▶ Material provided:
####
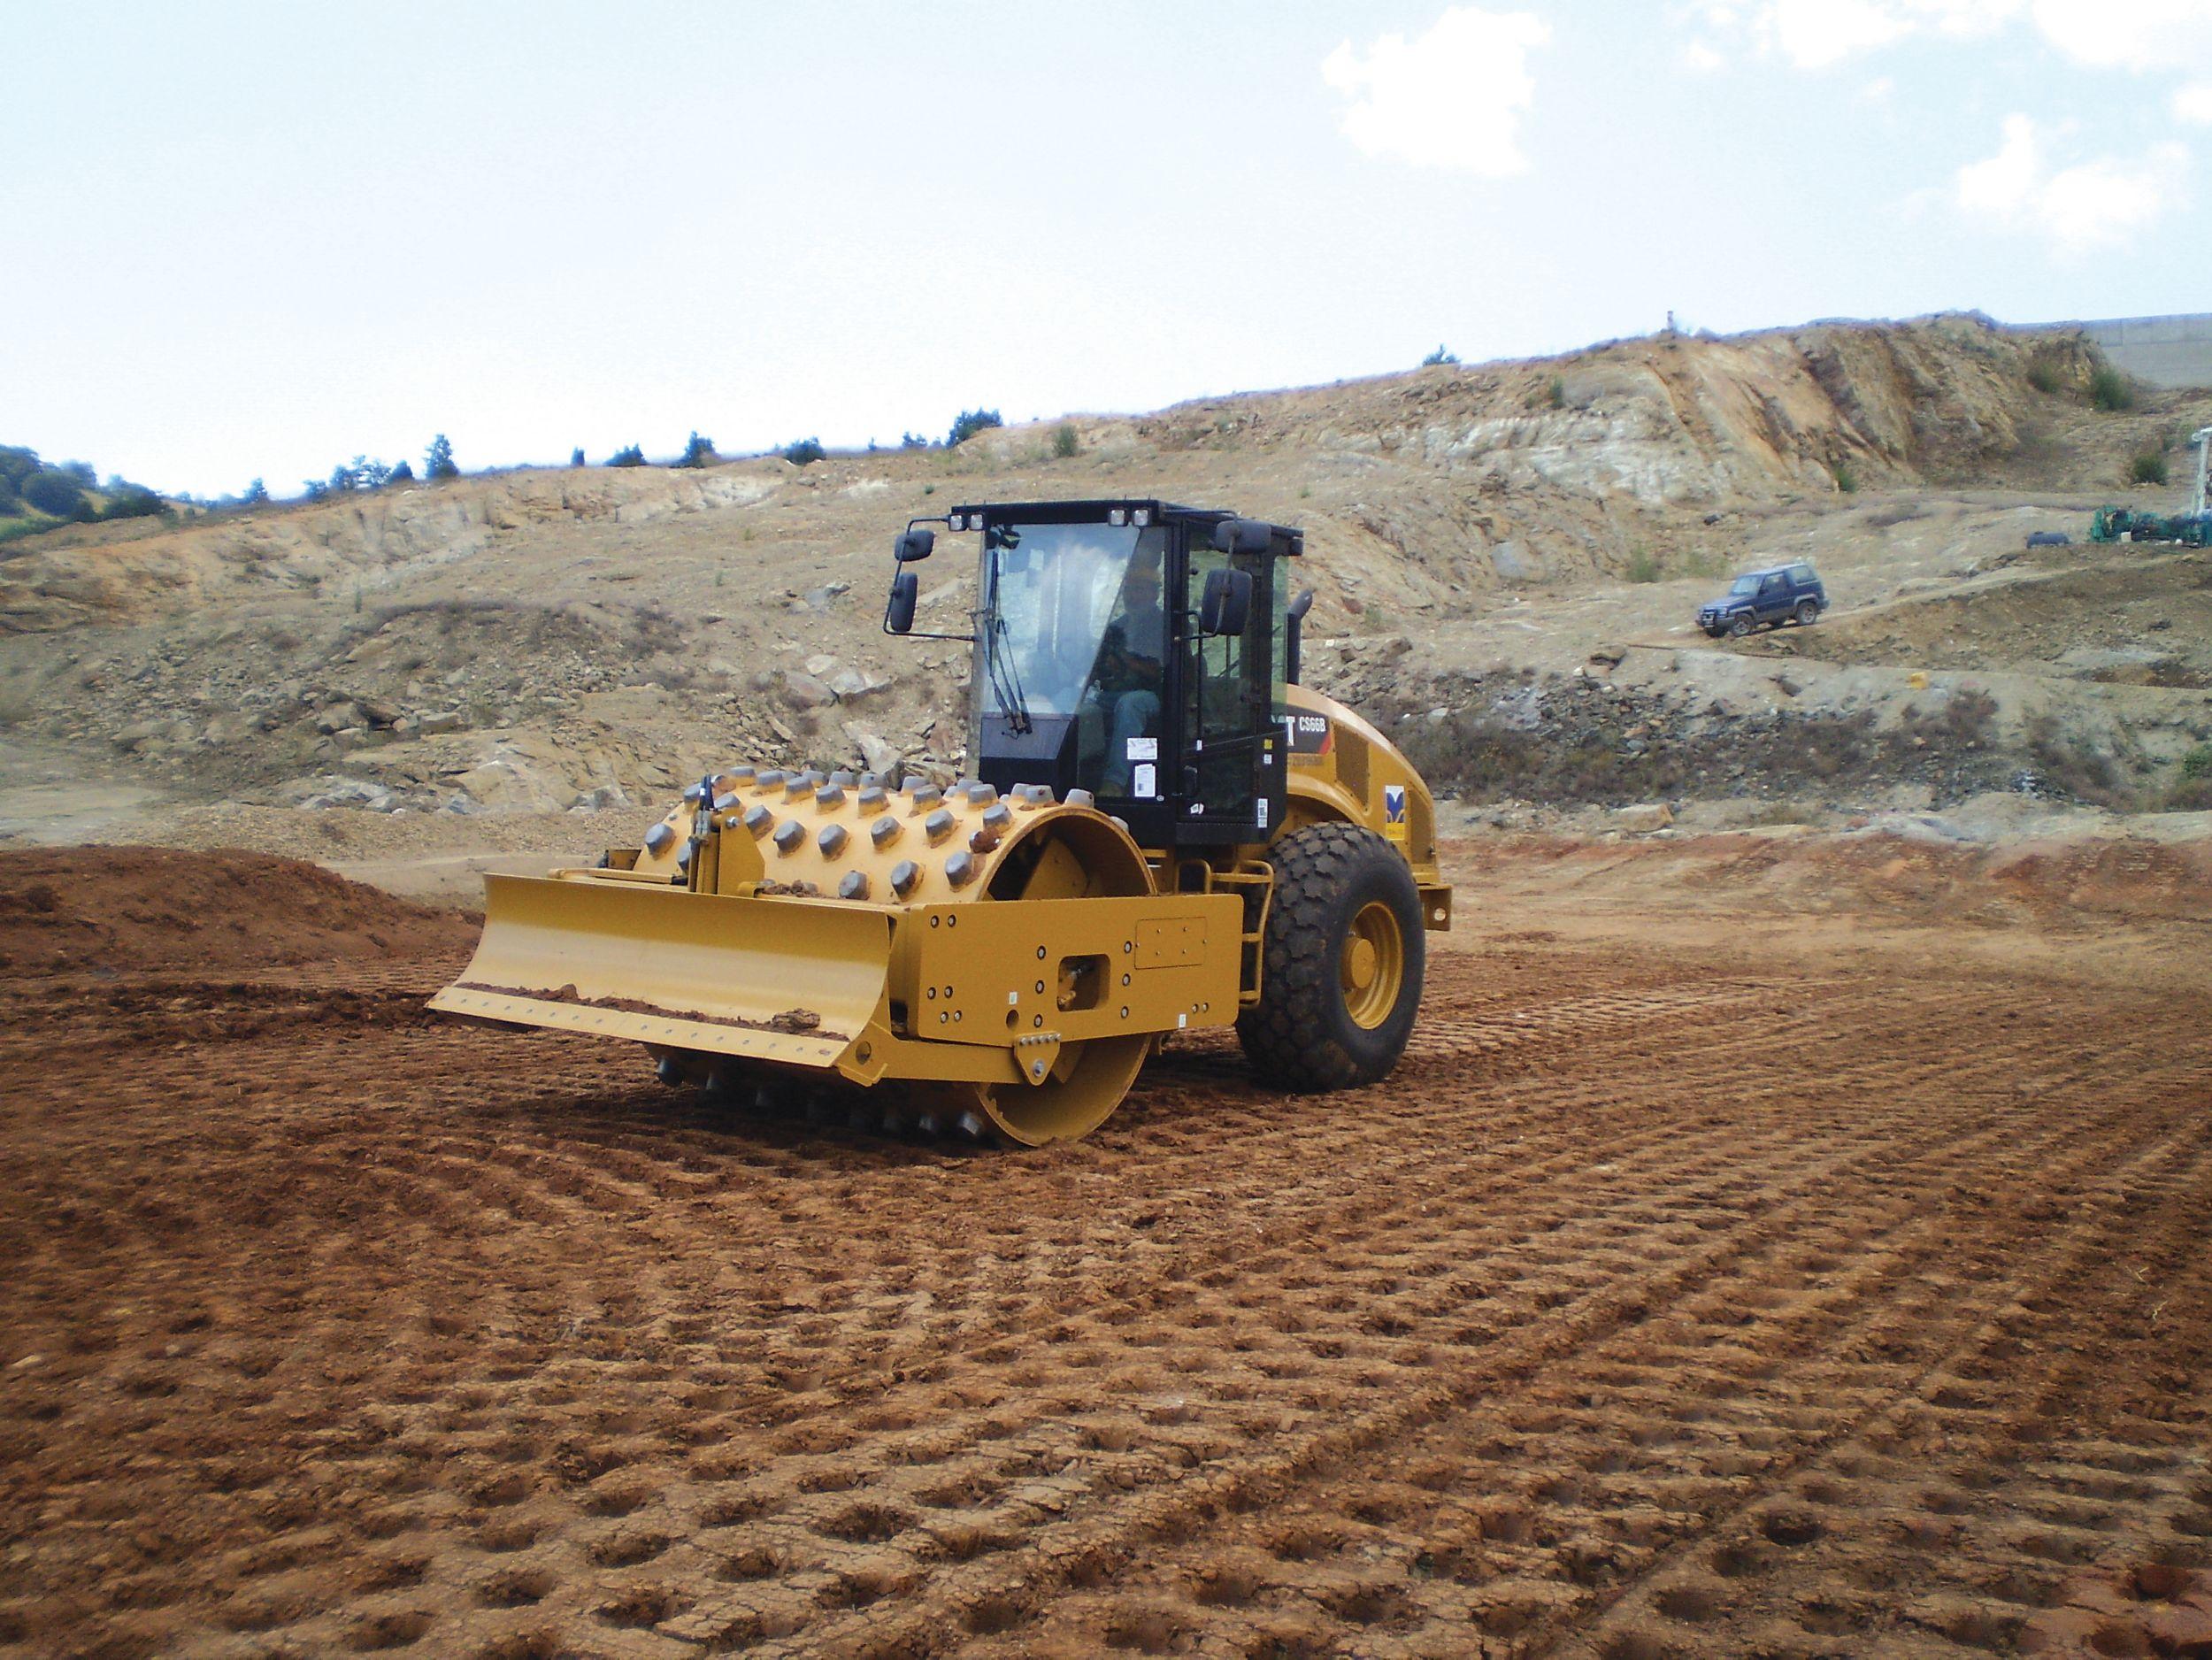 TENA SA convirtió este trabajo de pesadilla en un sueño con la ayuda de una nueva tecnología de medición de la compactación del suelo integrada en la máquina llamada Machine Drive Power, o MDP.
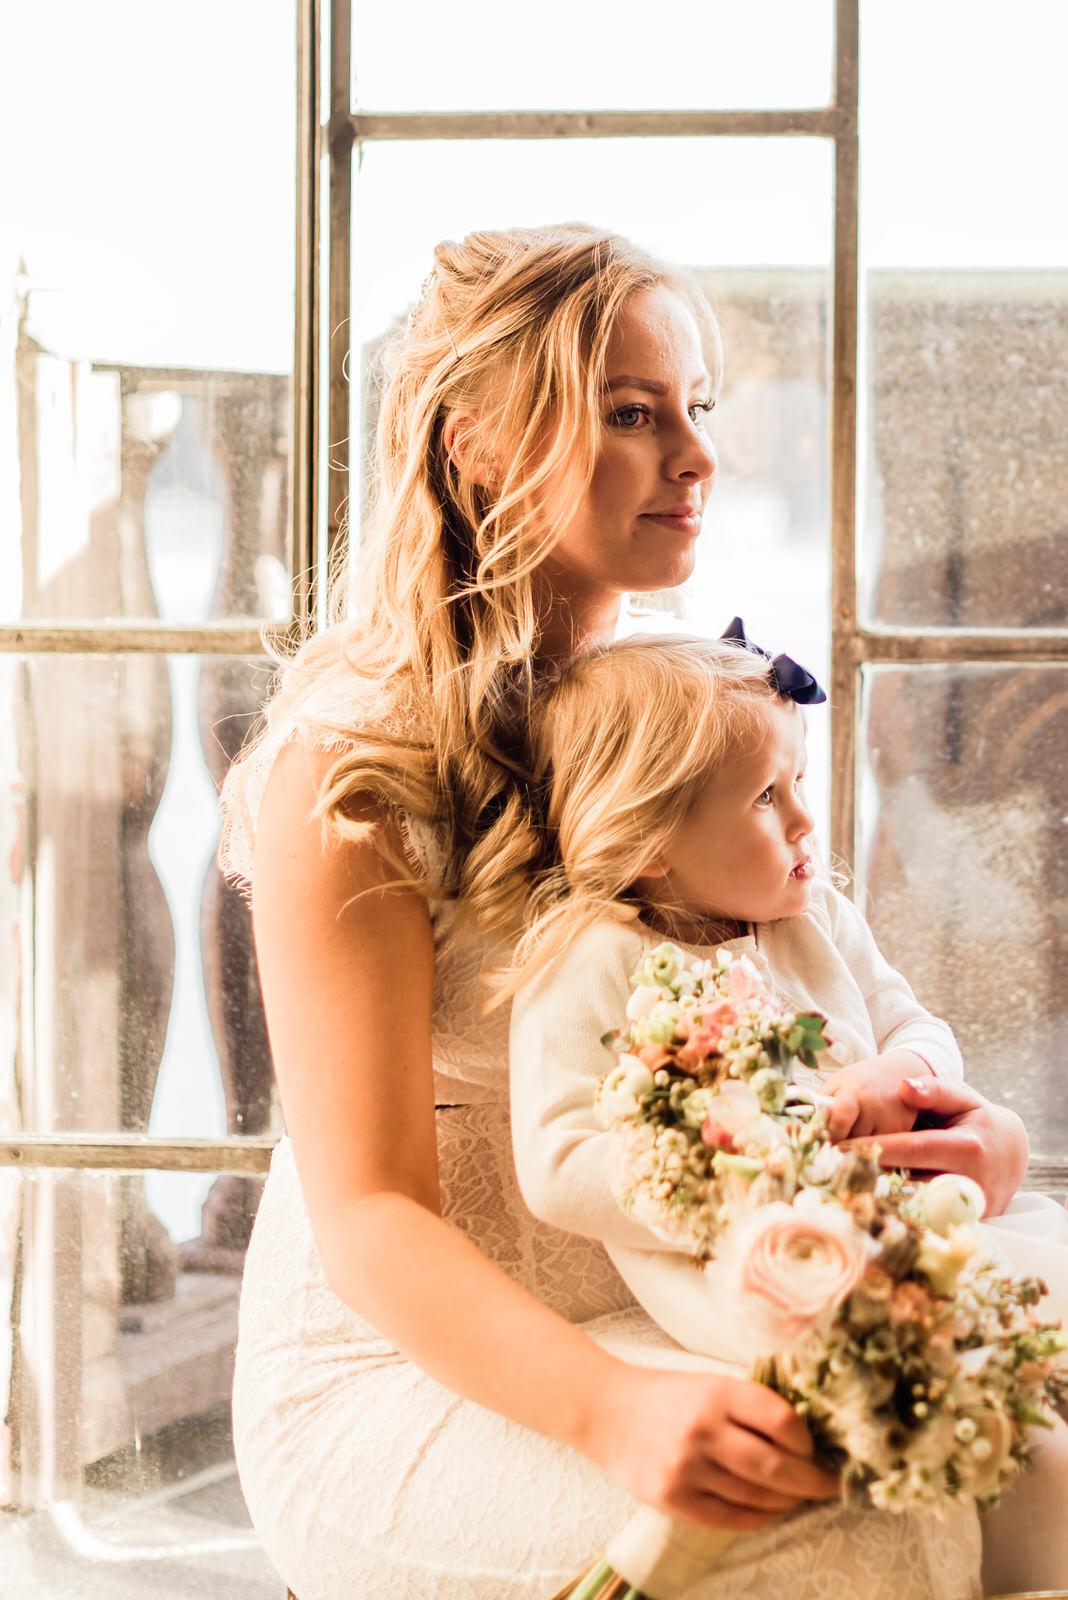 Brud och brudnäbb vid bröllopsfotografering och vigsel Stockholms Stadshus bröllopsfotograf Stockholm helloalora
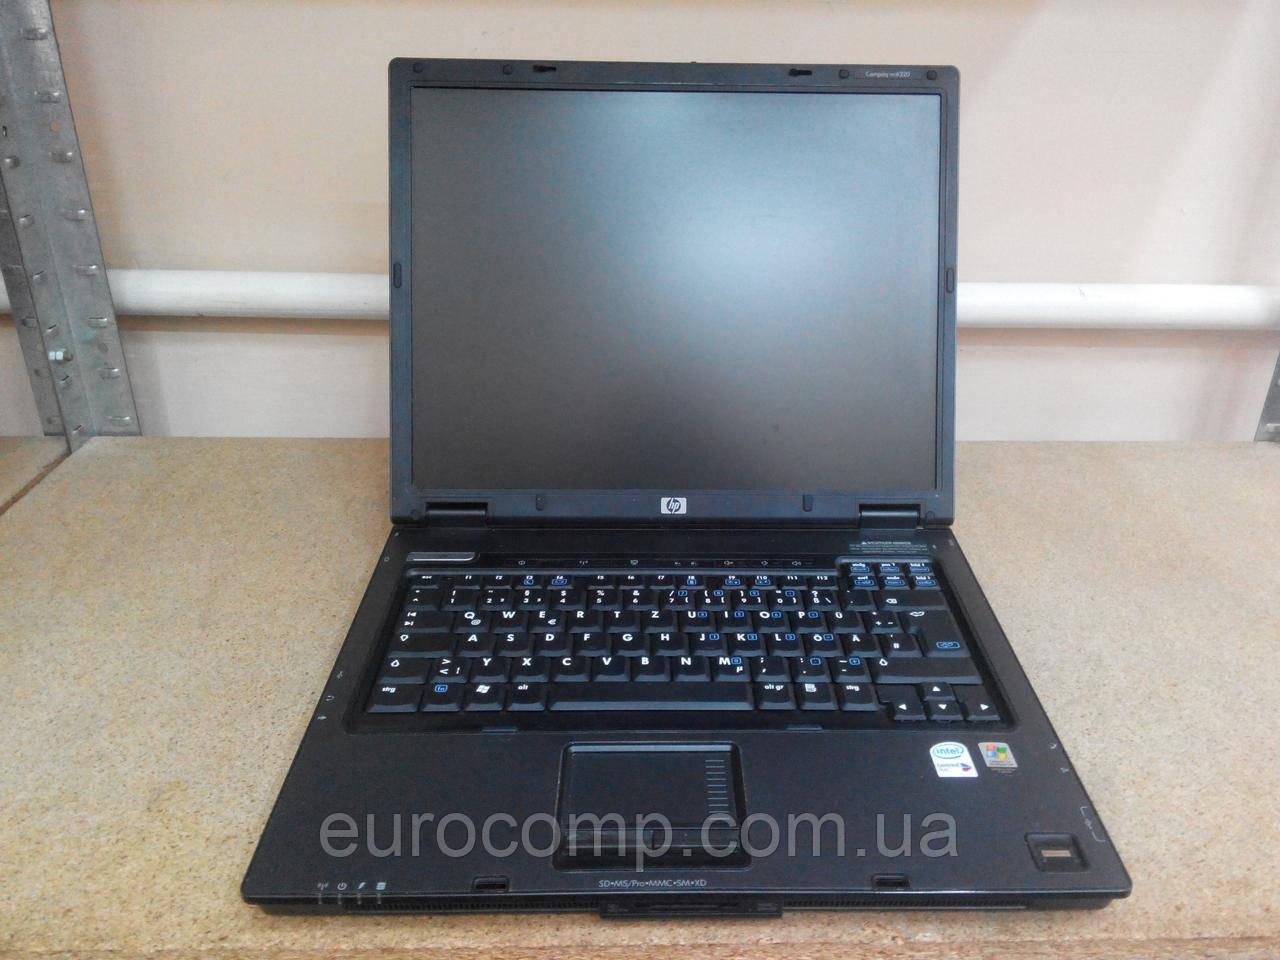 Недорогой ноутбук бизнес серии для офиса, дома и учебы HP Compaq nc6320 15''
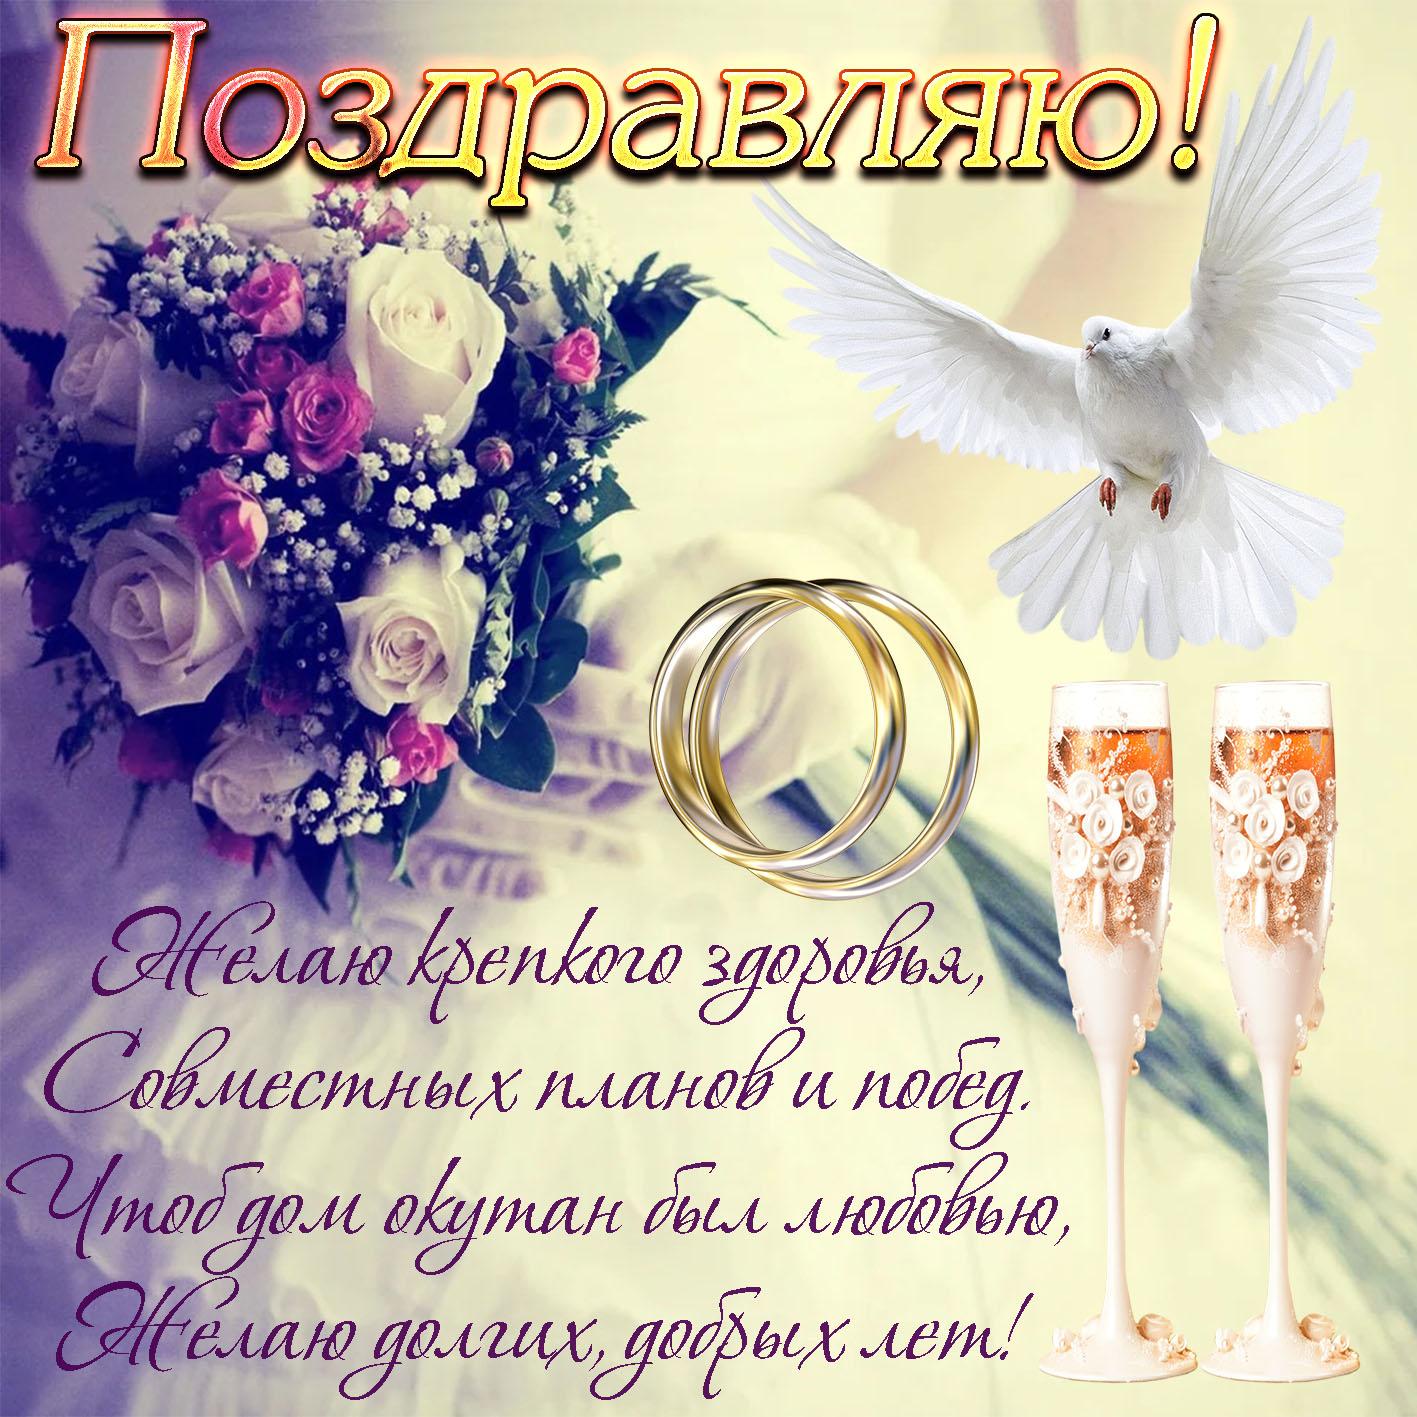 Поздравление с десятилетием свадьбы картинки со стихами
####
▶ To do: Leaving every picture out, write out exactly the lines from the beginning of the listing above to the line with "Brud och brudnäbb", inclusive.

▶ Solution for this exercise:
 TENA SA convirtió este trabajo de pesadilla en un sueño con la ayuda de una nueva tecnología de medición de la compactación del suelo integrada en la máquina llamada Machine Drive Power, o MDP.
 Brud och brudnäbb vid bröllopsfotografering och vigsel Stockholms Stadshus bröllopsfotograf Stockholm helloalora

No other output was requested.